The Potluck Dinner Decoded: Rules, Etiquette, and Everything In-Between
If you're anything like us, entertaining can be so much fun—you get to set the menu, pick the décor, and create a playlist to fit the mood. On the other hand, doling out that much money for food, drinks, and decorations can be costly and often limits how often you can host... which is where a good potluck dinner comes in. If you're unsure about the idea because you don't think you should be asking your guests to bring something, realise that they'll just be so happy having someone else play host or hostess. The real thing you must navigate is having the right assortment of food and beverages (you want to avoid having three quinoa salads because that can happen). Below, we've rounded up all the things you need to know before hosting a potluck dinner—plus, how to navigate tricky situations. Get scrolling, and then start planning your next soirée.
Choose a theme.
One major difficulty that often comes with a potluck is that the meal ends up being a mishmash of everyone's "favourite" dishes. Just because one person loves to make chicken parmesan, another likes to make tacos, and a third likes to whip up chow mein doesn't mean that's the dish they should bring. You can avoid the random assortment of food by choosing an overarching theme. It can be "A Fiesta" filled with tacos and guacamole or "Memory Lane," an assortment of comfort foods from childhood. You can get as creative as you'd like, but make sure you include the theme on your invitation, whether you decide to go digital or old-school paper.
Oversee who is bringing what.
Once the RSVPs start rolling in for your potluck dinner, send out a confirmation email to guests along with a Google document with suggested dishes they can sign up for. (We like Google docs because people can see what everyone else has signed up for). Make sure to include a "miscellaneous" spot where non-list items can be added, but do exercise veto power if the item is completely off-theme or doesn't go with the other dishes being served. Another decision you should make is whether you want to handle all the beverages, or if you want to assign large batch cocktails and other beverages to some guests (this can be a perfect option for those who aren't as comfortable in the kitchen).
Consider oven time and kitchen space.
Before making a list of food options, think about having a mix of hot and cold items. This will eliminate the need for every item to be heated up in the oven (you should also take the size of your oven into consideration). It's also completely appropriate to ask guests who live nearby to bring their dish heated. Do have several chafing dishes ready if at all possible to keep food warm throughout the party (there's nothing worse than cold macaroni and cheese or artichoke dip).
Ask about dietary restrictions.
There's nothing worse than having a guest attend and not be able to eat half of the items on the menu. Kindly ask any guests with food allergies or dietary restrictions to indicate that on the Google doc far in advance. Since you won't be making all of the dishes, ask your guests to bring an index card with the ingredients included in their dish that you can simply lean against the bowl or serving plate. This way, there won't be any questions about what each dish includes and there won't be any instances where an Epi-Pen makes an appearance. A week before your potluck dinner, scroll through the menu and see if there are too many items a guest can't eat. At this point, you still have time to switch up a few dishes or ask guests to leave out a few of the "pesky" ingredients in order to accommodate.

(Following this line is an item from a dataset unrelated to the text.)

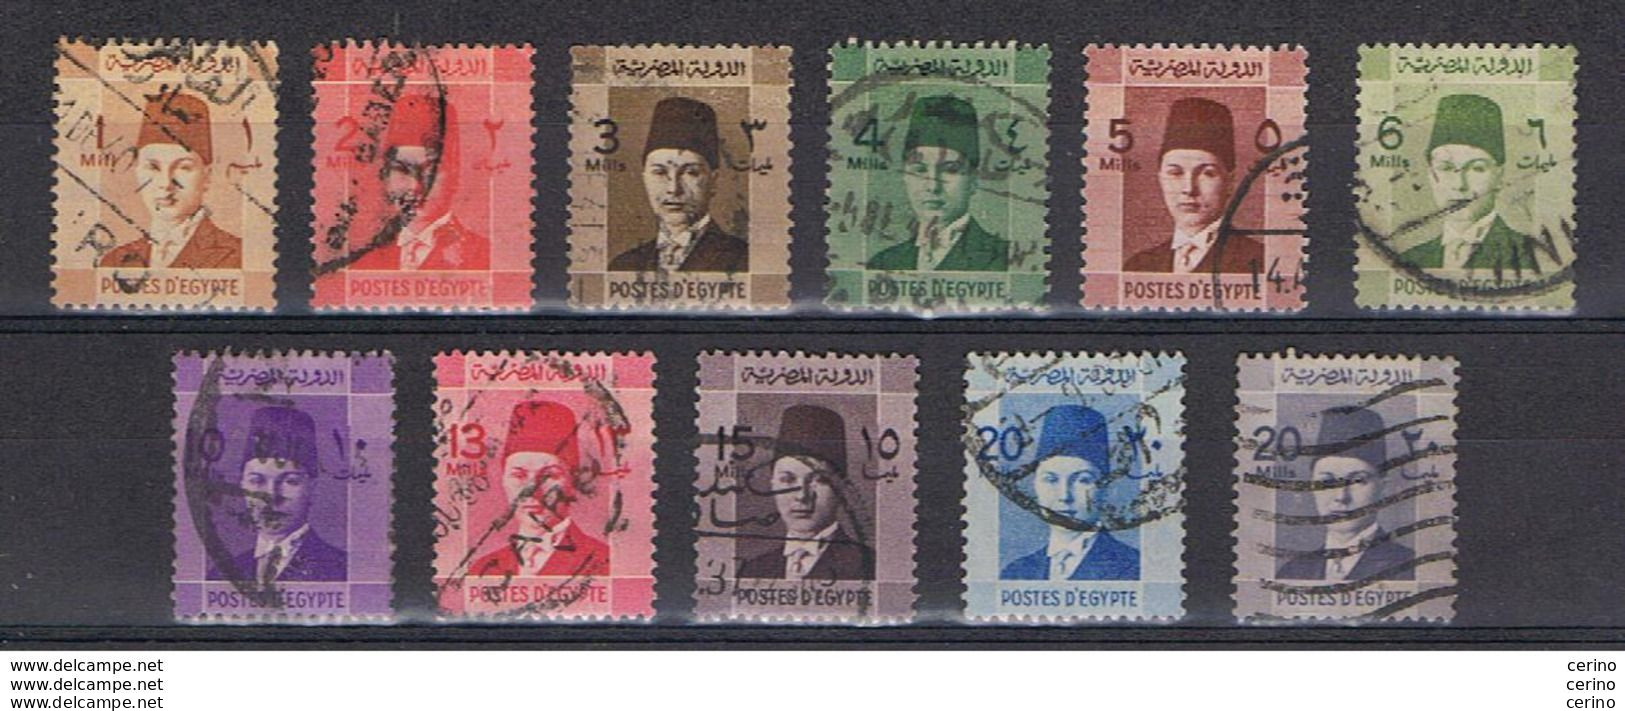 EGYPT:  1937/44  FAROUK  -  KOMPLET  SET  11  USED  STAMPS  -  YV/TELL. 187/95 A - Gebraucht

Realise everything may not be perfect.
There's always a risk involved when others are responsible for bringing food and drinks. If so-and-so arrives late with hors-d'oeuvres, don't let that ruin your day. It may be a little packed in the kitchen at times and someone may want to serve their dish a particular way, so just accept it. Take a step back and let everyone help out. Remember that this is a group effort, and you are by no means meant to orchestrate everything yourself. The moment you relax and enjoy yourself is the moment your guests will, too.